Thinks up to personal taste.


----------



## tick-tock-tittle-tattle

I like alligator strap also, I think @Graham60is right, dial colour makes a difference.


----------



## John_D

tick-tock-tittle-tattle said:


> I like alligator strap also, I think @Graham60is right, dial colour makes a difference.

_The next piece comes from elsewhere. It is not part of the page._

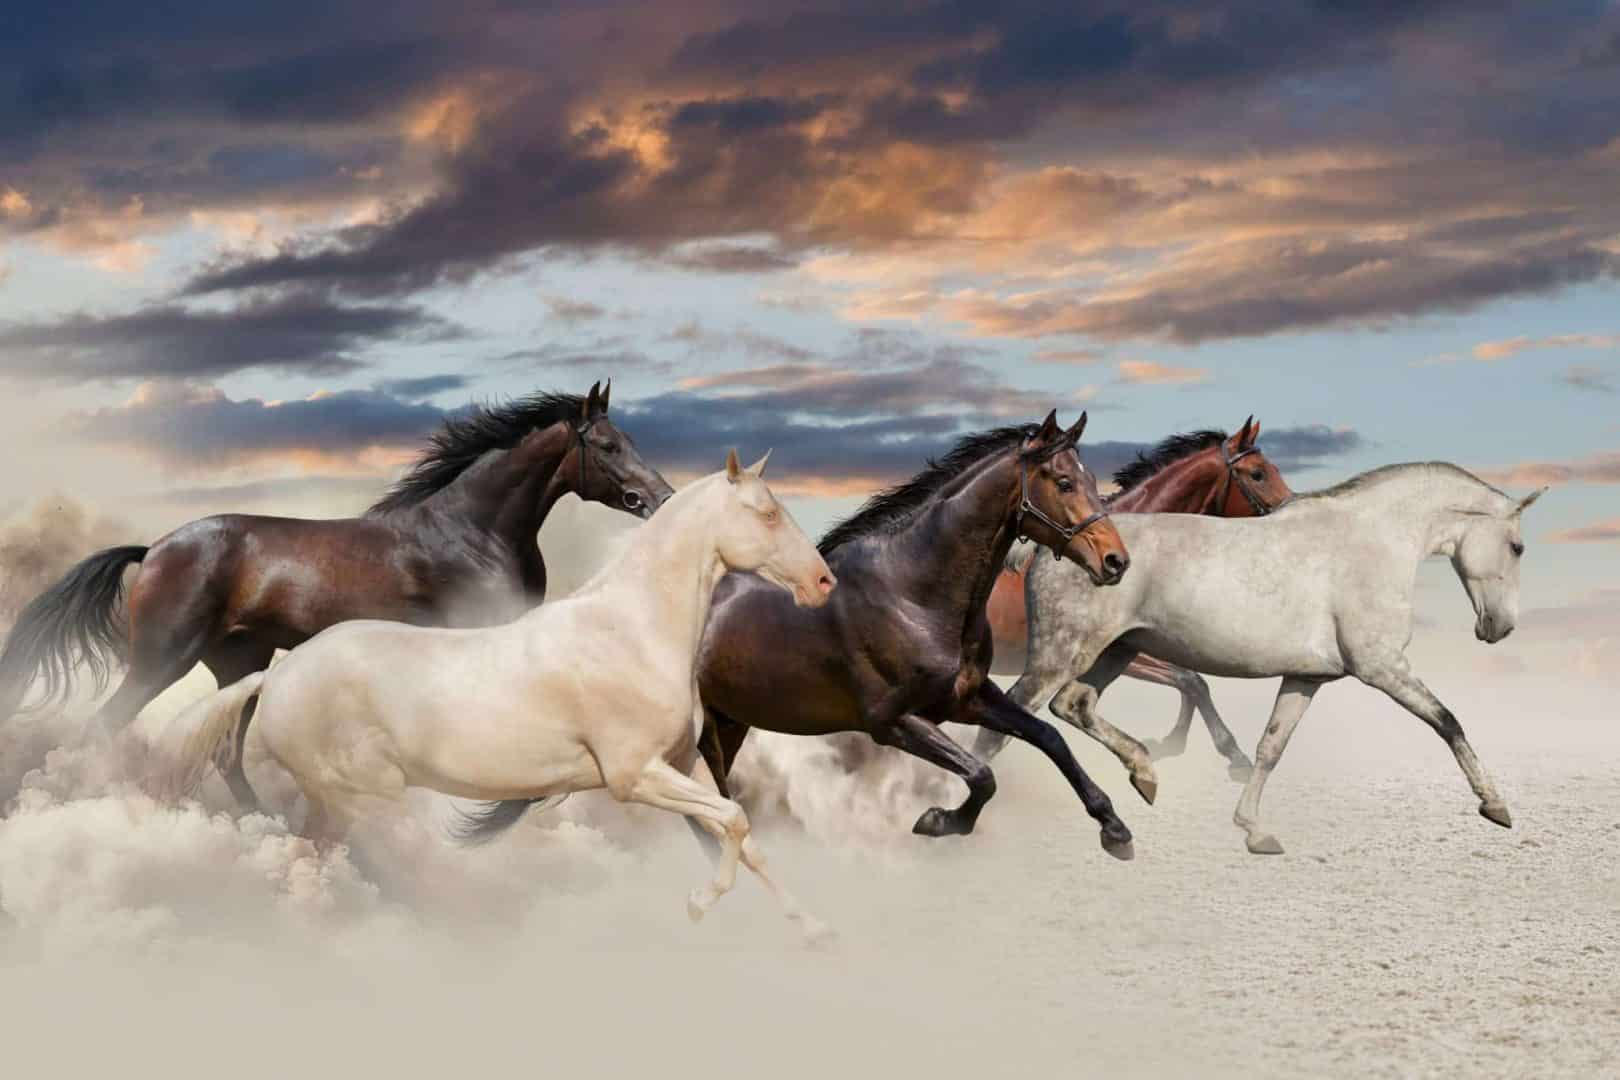 Sonhar com cavalo - Principais significados para esse sonho

 On a completely different tack, I am currently restoring the Bakelite radio depicted in the 1946 advert that the Excalibur with the ostrich strap is sitting on.......


----------



## bowie




----------



## Roger the Dodger

Blue?


----------



## kanab22

I quite like tan or light brown.


----------



## Eaglegale

Textured black contrasts nicely with the smooth gold.


----------



## WRENCH

Black suit, black strap. :yes:


----------



## mrzee

While I'm not generally a fan of black leather straps I do agree that occasion and dial colour do make a difference.

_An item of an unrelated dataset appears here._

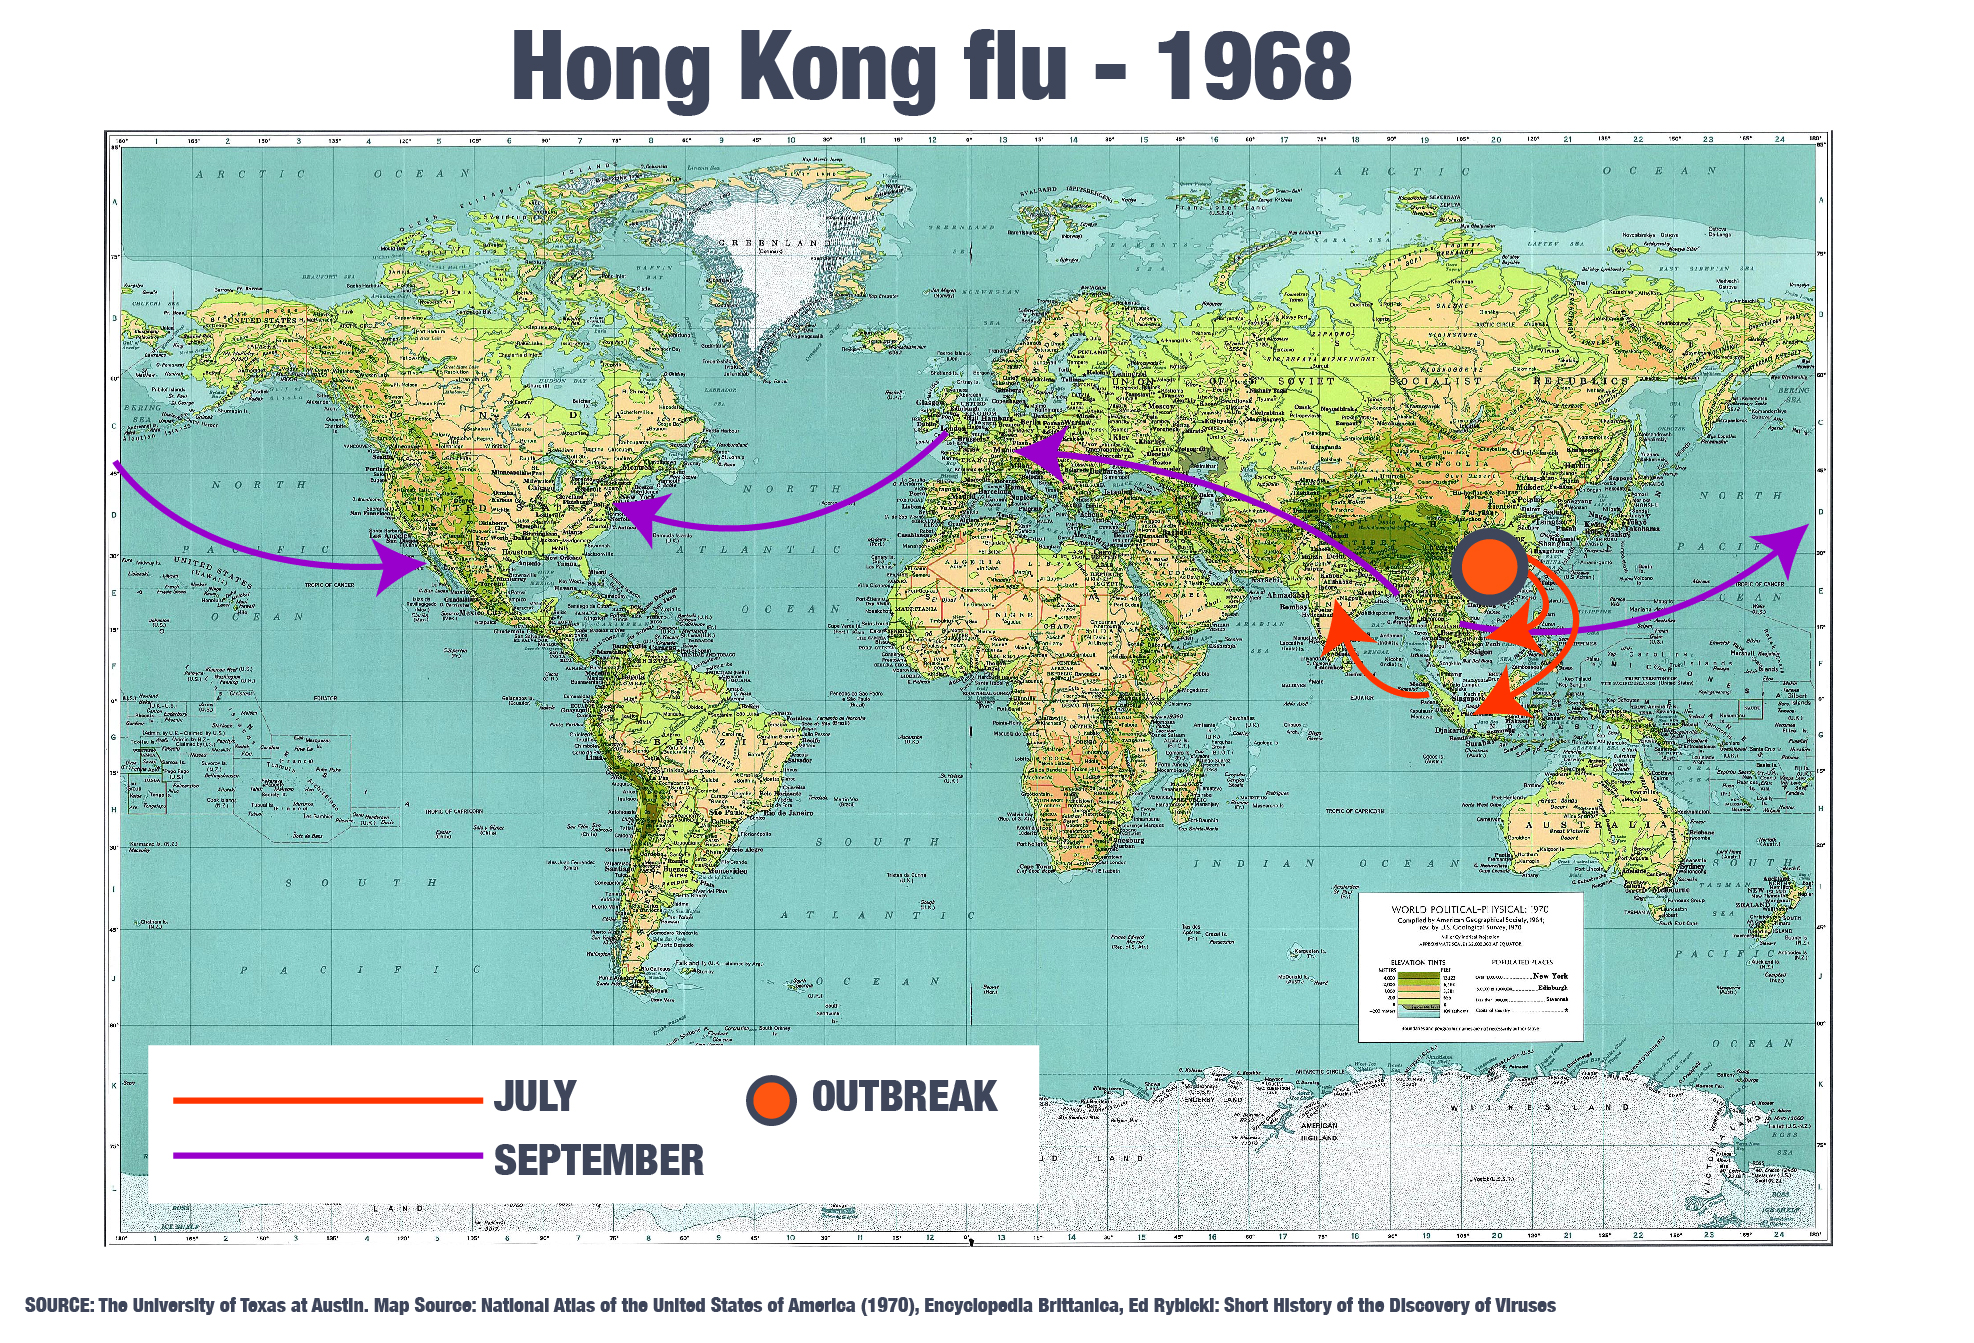 DO NOT USE: INTERACTIVE: Hong Kong flu 1968 map

I usually go for a mid to deep brown but did have a gorgeous Hirsch burgundy strap for my Tissot.



And dark brown on my DeVille


----------



## tick-tock-tittle-tattle

WRENCH said:


> Black suit, black strap. :yes:


 




I agree.


----------



## scottswatches

depends on the dial colour - black dial then black strap. Otherwise I do prefer tan or brown, but with a white dial then black works too


----------



## johnbaz

I tend to prefer brown/Oxblood on gold and black on stainless but any colour can end up on a watch dependent upon what I have at the time!!

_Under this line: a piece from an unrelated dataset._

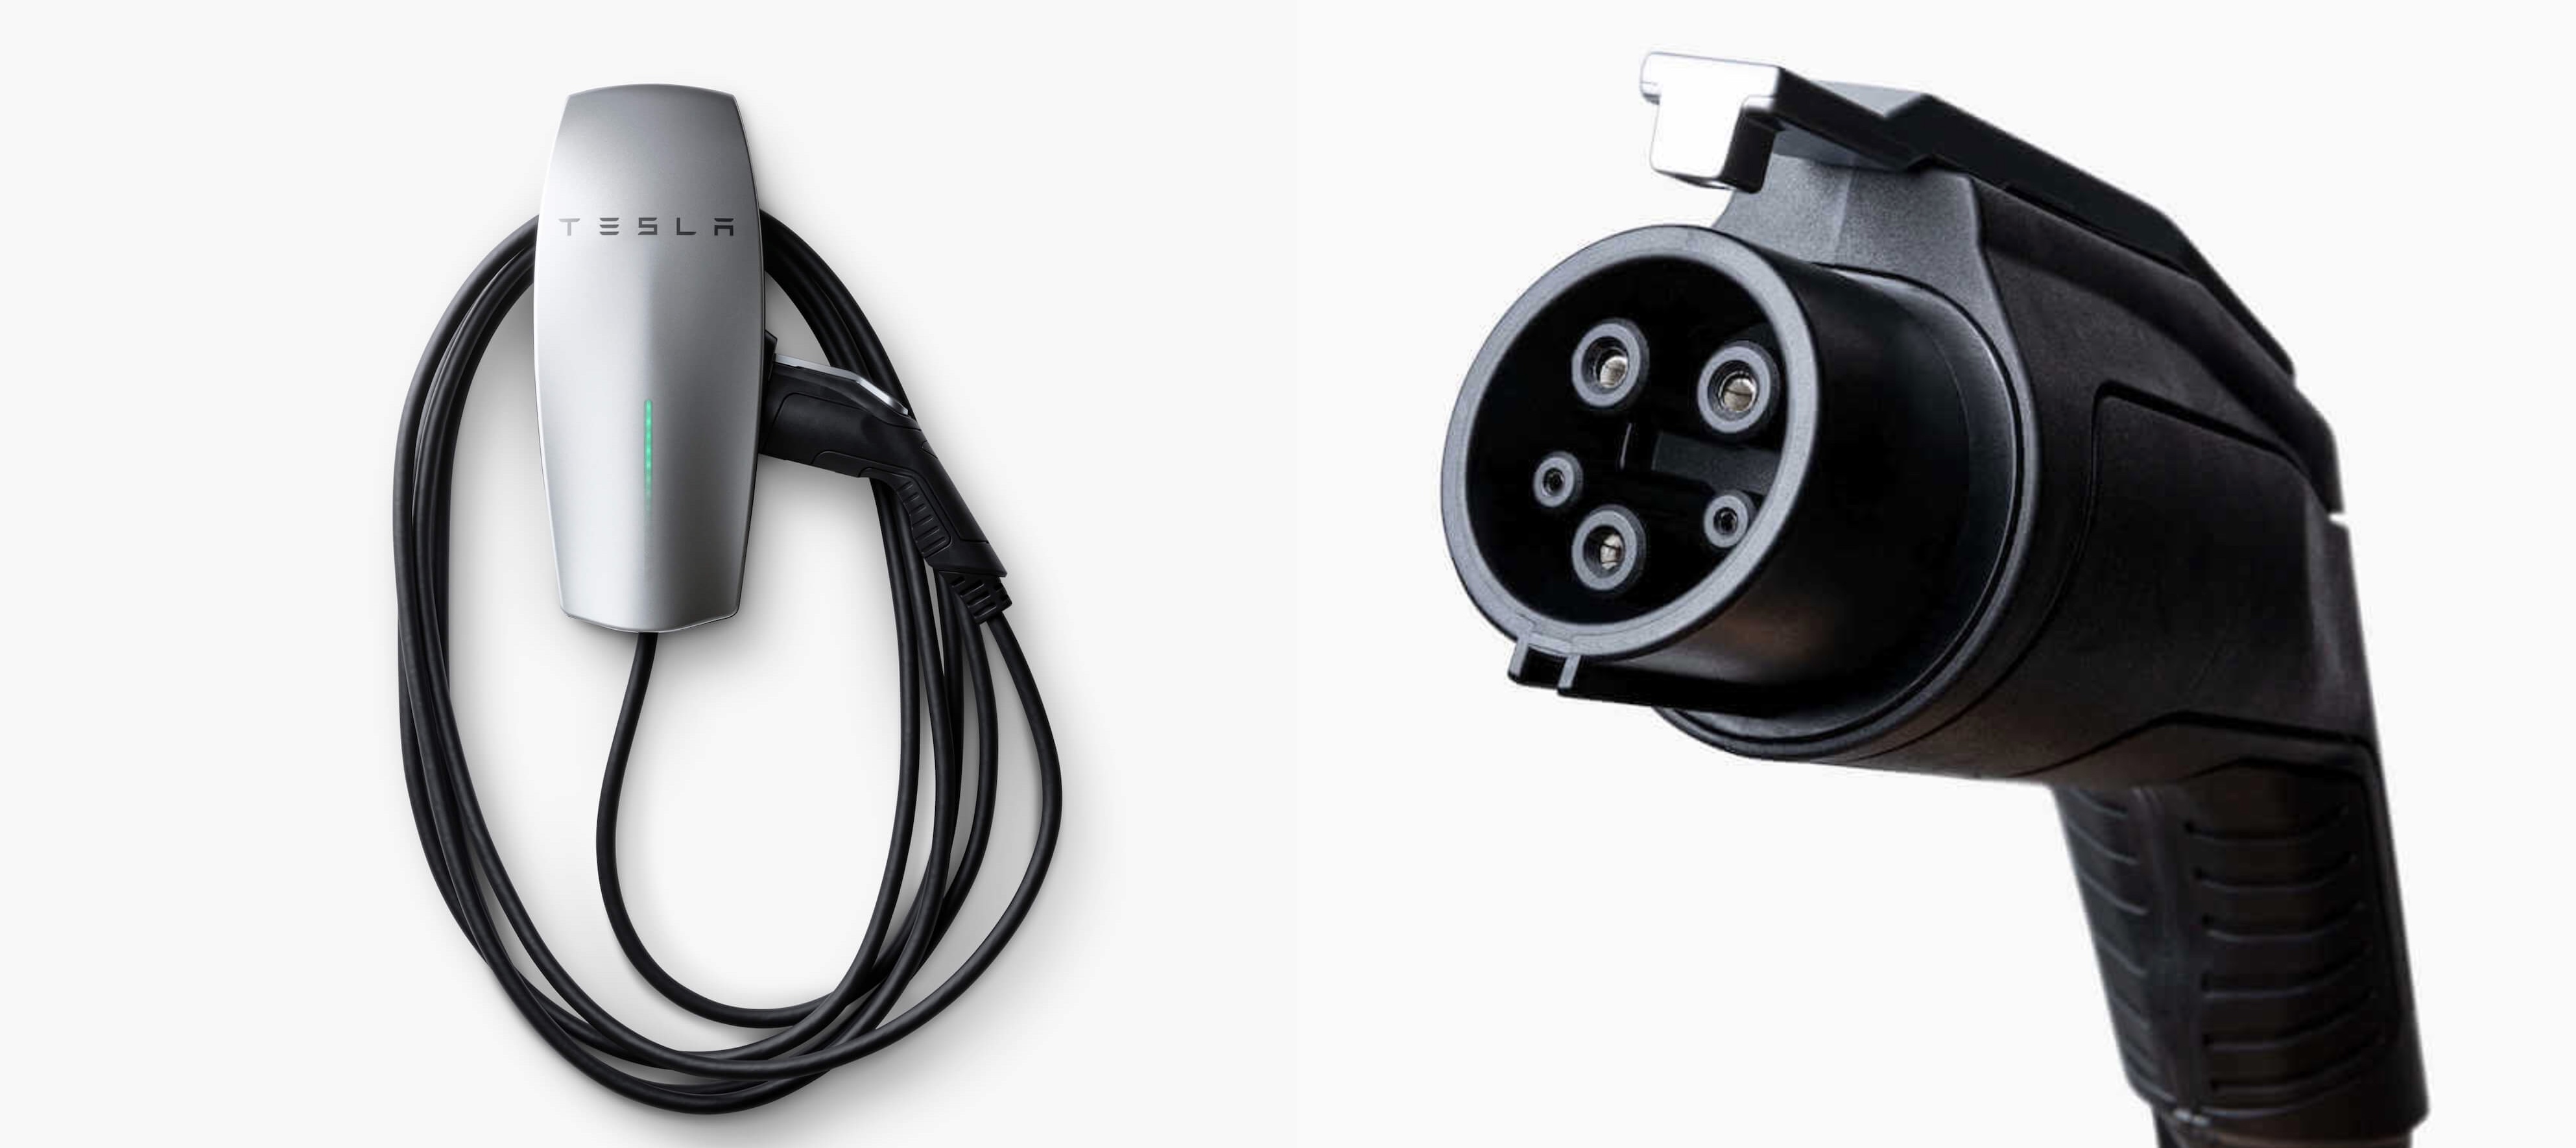 EVCARS Tesla Charging Adapter Black & Ev Charger Holder Type 1 Plug and Cable Holder

These two are the wrong way around, I don't think it matters too much actually!!










John :thumbsup:


----------



## WRENCH

Roger the Dodger said:


> Blue?


 That looks a bit "Mickey Mouse" . :laughing2dw:

Brown, burgundy etc does look better, but not with a black suit. Honestly, who wears brown shoes with a black suit. :sign_wtf:

Wrong, wrong, wrong. :rofl:


----------



## Francis Urquhart

The strap should align with, if not match, the colour of your shoes and belt.


----------



## Karrusel

Francis Urquhart said:


> The strap should align with, if not match, the colour of your shoes and belt.


 'The voice of reason' :yes:

Standards gentlemen, standards!

:biggrin:


----------



## Davey P

Burgundy would be my choice (any excuse to post a pic of my late father's watch):



:thumbsup:


----------



## SolaVeritate

Gold on gold when very old.










But it all depends on the watch..



















Black metal straps are a bit unusual if you want that unique look but they need quite a bit of care not to scratch.


----------